—Il y a de quoi, en vérité, grogna le Lagardère des Établissements Landoux. Une misère pareille pour un homme si riche et quand je pense que...

—Tu penses quoi?...

Tiré brusquement de ses réflexions par cette question directe, le bossu passa sa main sur son front comme s'il sortait d'un rêve. Un peu plus il allait se trahir devant son chef. Il tressaillit et revint au sentiment de la réalité. La prudence lui commandait de dissimuler son dépit.

—Qu'est-ce que tu penses, le bosco, insista le contremaître?

—Je pense que ça ne l'aurait pas ruiné, ce jeune homme, de doubler la somme, dit-il enfin.

Le maître-ouvrier haussa les épaules en s'éloignant.

—Toujours envieux, jamais satisfait, ce damné bosco! grommela-t-il. Décidément sa tête ne me revient guère à ce citoyen-là et il faudra que je le tienne à l'oeil!... Qui sait si ce n'est pas lui qui a saboté l'aéro du marquis, simplement par jalousie!... Il faudra que j'éclaircisse cela!...

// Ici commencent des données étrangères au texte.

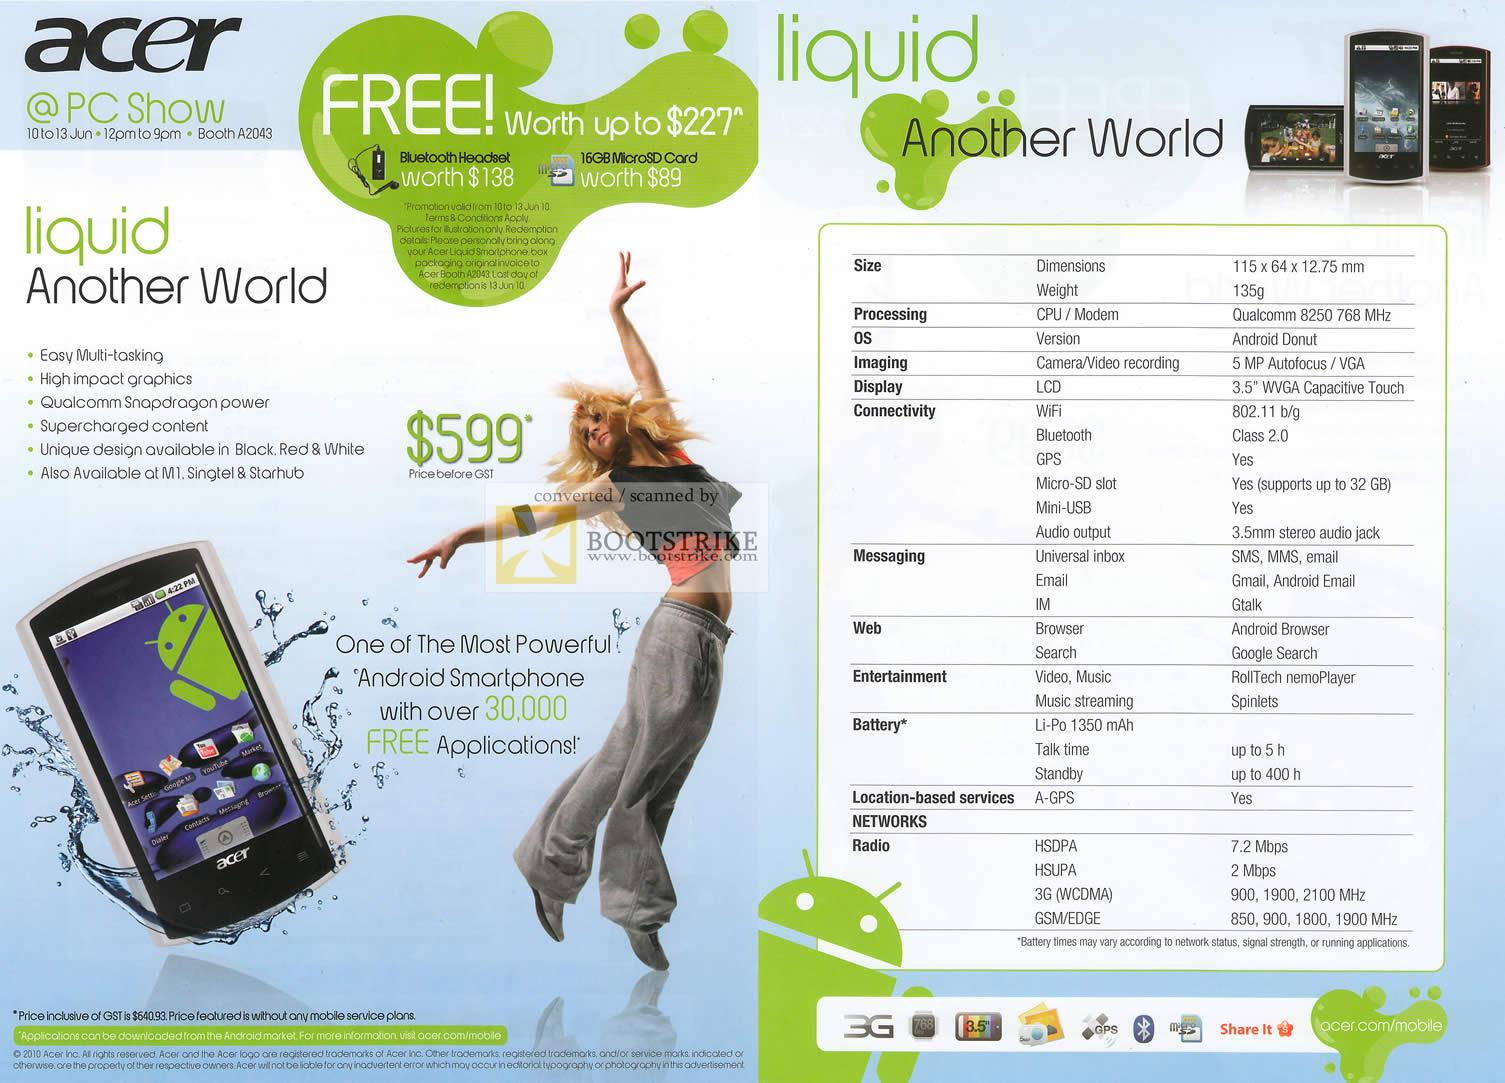 PC Show 2010 price list image brochure of Acer Liquid Smartphone GPS Android

L'aéroplane réparé fut ramené sur la pelouse, et son moteur mis immédiatement en route. Martin Landoux inspecta avec la plus grande attention les moindres organes de la machine, resserrant un écrou insuffisamment bloqué, réglant la carburation, les départs d'huile, les prises d'engrenages, les commandes de toute espèce. Enfin il redescendit et se dirigea vers la tente du restaurant, où il retrouva Robert de La Tour-Miranne achevant de dévorer un morceau de viande froide.

—Tout est prêt, nous pouvons partir, déclara-t-il, mais il faut nous hâter si nous voulons arriver à Amiens avant qu'il soit nuit noire.

—Je suis à votre disposition, répliqua le président, mais vous devez être à bout de forces, mon brave Landoux!